Видимо, от него не укрылось мое изумление, потому что он замолчал и, чуть усмехнувшись, взглянул на меня. Но тут постучали в дверь. Он ответил что-то по-арабски, и в комнате снова появилась Малика с очередным подносом, на котором стояли кофейник, две чашки и тарелка с фисташковой пахлавой и марокканскими бриуатами. А также бутылка тунисской водки и две рюмки.


Прежде чем продолжить, Редигер налил нам кофе. Он был горький, очень крепкий и подействовал на меня благотворно – в голове тут же прояснилось.
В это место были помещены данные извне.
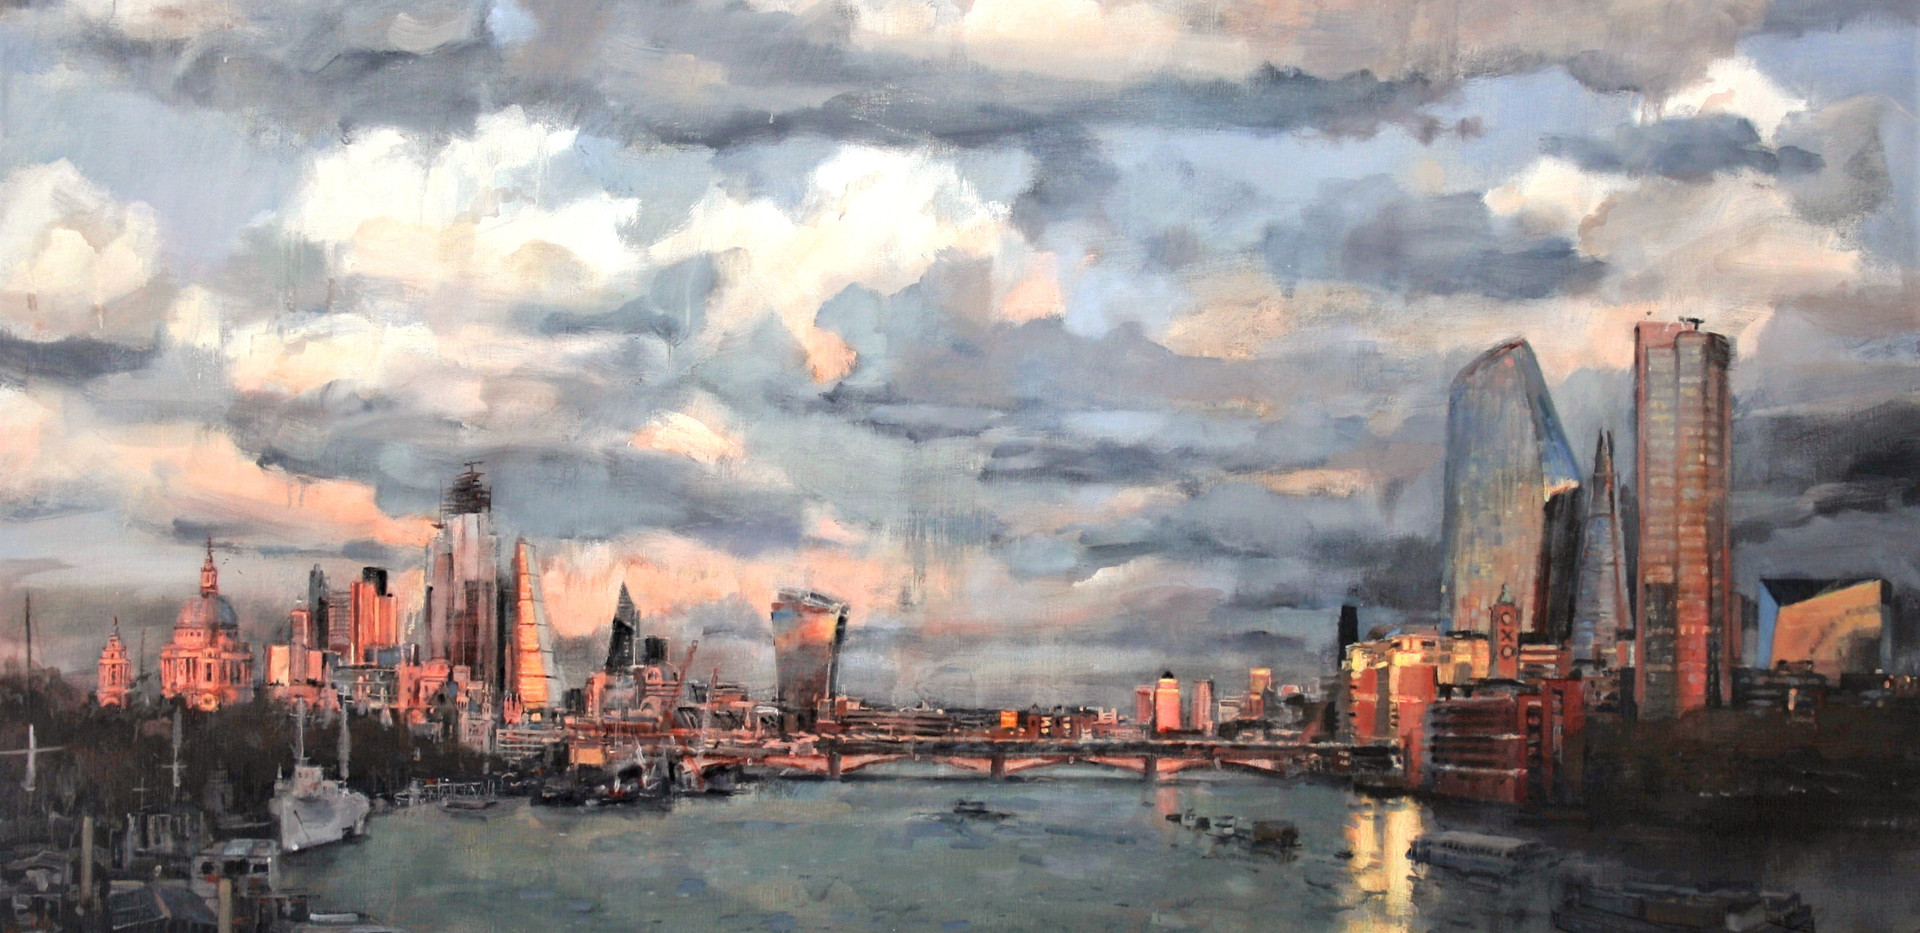 View from Waterloo Bridge 2019

– Я никогда не скрывал своей юношеской позиции, – начал он. – И мои новые друзья-мусульмане даже не думают ставить мне ее в вину; они вообще считают, что, отвергая атеистический гуманизм, я в поисках пути имел все основания обратиться, прежде всего, к религии своих предков. Кстати, мы не были ни расистами, ни фашистами – ну, если уж совсем честно, некоторые идентитаристы от этого недалеки; но я сам – ни в коем случае, ни за что. Всякого рода фашизм всегда представлялся мне призрачной, кошмарной и безнадежной попыткой вдохнуть жизнь в мертвые нации; не будь христианства, европейские народы превратились бы в лишенное души тело – то есть в зомби. Но может ли христианство возродиться, вот в чем вопрос. Я верил в это, верил в течение нескольких лет, но мои сомнения росли, на меня все большее влияние оказывала философия Тойнби, его идея, что цивилизации гибнут не от руки убийцы, а сами убивают себя. Потом все перевернулось, за один день, а именно тридцатого марта 2013 года; как сейчас помню, это был пасхальный уикенд. В то время я жил в Брюсселе и иногда заходил выпить в бар отеля “Метрополь”. Мне всегда нравился стиль ар-нуво: в Праге и в Вене сохранилось много потрясающих мест, в Париже и Лондоне тоже попадаются интересные здания, но лично мне, справедливо это или нет, вершиной стиля ар-нуво всегда казался брюссельский “Метрополь”, и в частности его бар. Утром тридцатого марта, случайно проходя мимо, я увидел объявление, что бар “Метрополя” закрывается навсегда в тот же вечер. Меня это потрясло; я обратился к официантам. Они подтвердили, что это так; почему, они точно не знали. Подумать только, до сих пор можно было запросто заказать сэндвич и пиво, венский шоколад и пирожные с кремом, сидя в настоящем храме декоративного искусства, жить изо дня в день в окружении такой красоты, и вот теперь все это разом исчезнет, в самом сердце европейской столицы!.. И тут я понял: Европа уже совершила самоубийство. Вас, верного читателя Гюисманса, конечно, раздражает, как и меня, его неисправимый пессимизм и постоянные проклятия, которыми он клеймит посредственность своего времени. Притом что он жил в эпоху, когда европейские народы, достигнув вершин, стояли во главе гигантских колониальных империй и были владыками мира, в блистательную эпоху техники и искусств; подумайте только – железные дороги, электрическое освещение, телефон, фонограф, металлические конструкции Эйфеля, а уж в искусстве всех имен и не перечислишь, будь то писатели, художники или музыканты.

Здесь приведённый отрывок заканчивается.